3 There is some suggestion, though largely effaced from Coinage of Saorstát Éireann (1928), that the eventual decision to commission the English artist Percy Metcalfe to design all 8 coins was a political one. It was taken, that is, in the knowledge that the chairman’s own preferred solution—to use two or three designs from the best two or three artists—would have required the state to commission work from the Italian medallist, Publio Morbiducci. Five years earlier, Morbiducci had created the very first piece of Fascist art (and even provided the movement with its definitive icon) when he produced a fasce design (a bundle of rods rolled around an axe: originally a symbol of Roman Imperial power) for the reverse of the new 2 lira piece. The fasce had first appeared on a modern coin in the talons of the American Eagle on the reverse of the US ‘Mercury’ dime in 1916, but Morbiducci’s design was the one to introduce a genuine ‘fascist æsthetic’ to the world. Yeats found it difficult to disguise his admiration for the new politics and new æsthetic of Mussolini’s party. He described the muscular, threatening interpretation of the Bull of Thurii in Morbiducci’s submission—with its massive arched neck, heavy pistle and pawing right front hoof—as ‘magnificent’.
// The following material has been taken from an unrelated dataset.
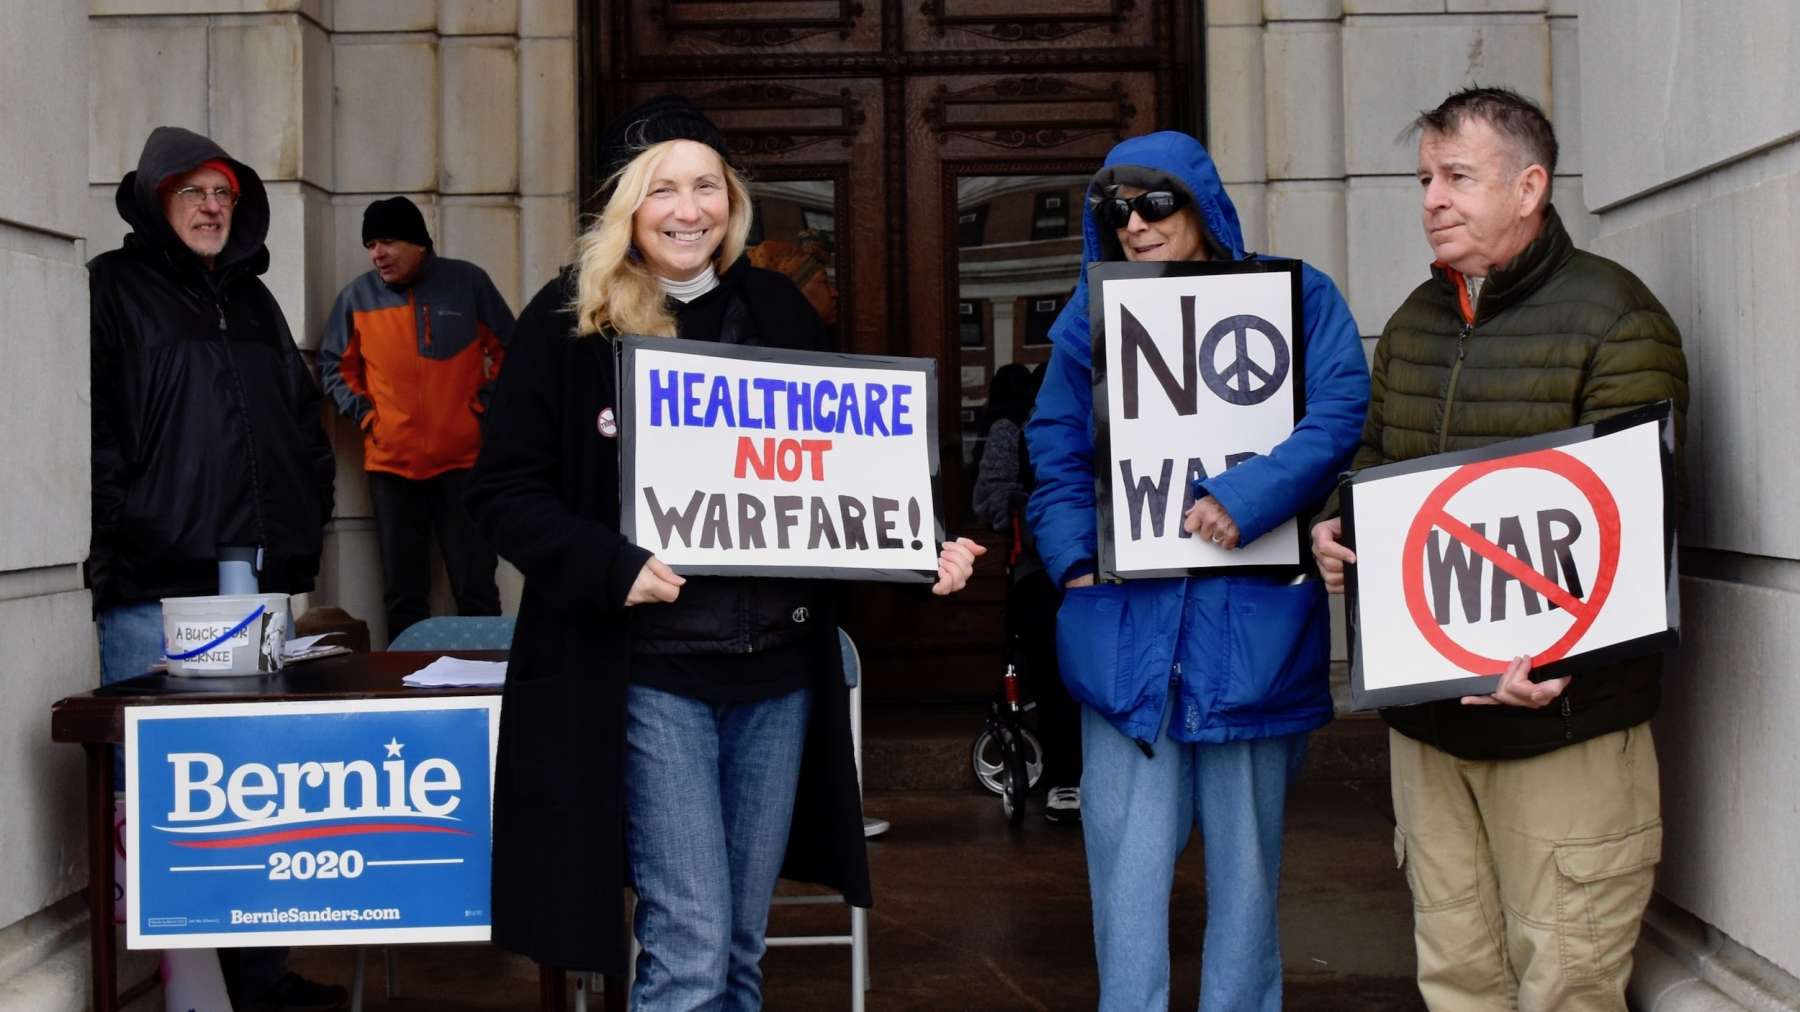 Rhode Island News: Peace coalition demands No War with Iran at State House event

4 This is a clear indication, if any were needed, of Yeats’s gnosticism. Many gnostics of the Byzantine era, for example, believed the serpent in the Garden of Eden to have been sent as a messenger of Sophia (wisdom) to help humanity defy the Demiurge who had imprisoned them in his creation. There is also the Kabbalistic image to be borne in mind of the lightning strike of knowledge on the tree of life, which could just as easily represent a serpentine ascent as a thunderclap of revelation. The Kabbala, after all, is posited on the notion that the Bible does not mean what on the surface it appears to say. The final source from antiquity which might complete the trinity of the ‘half divine serpent’ is Pythia, the Sybil of Delphi, who is associated with the snake-goddess of Python—herself a version of the ancient snake-handling deities in the city-states of Assyria, Mesopotamia and Persia. This last example obviously bridges the imaginative gap back to the Golden Bough. The Sybil at Cumæ is, at the very least, the offspring of Pythia. She tells Æneas to search for a particular tree in the wood and to pull a golden branch off it. The story is patently similar to that of the Tree of Knowledge in Genesis. Who is to say the Golden Bough could not, in fact, have been a snake?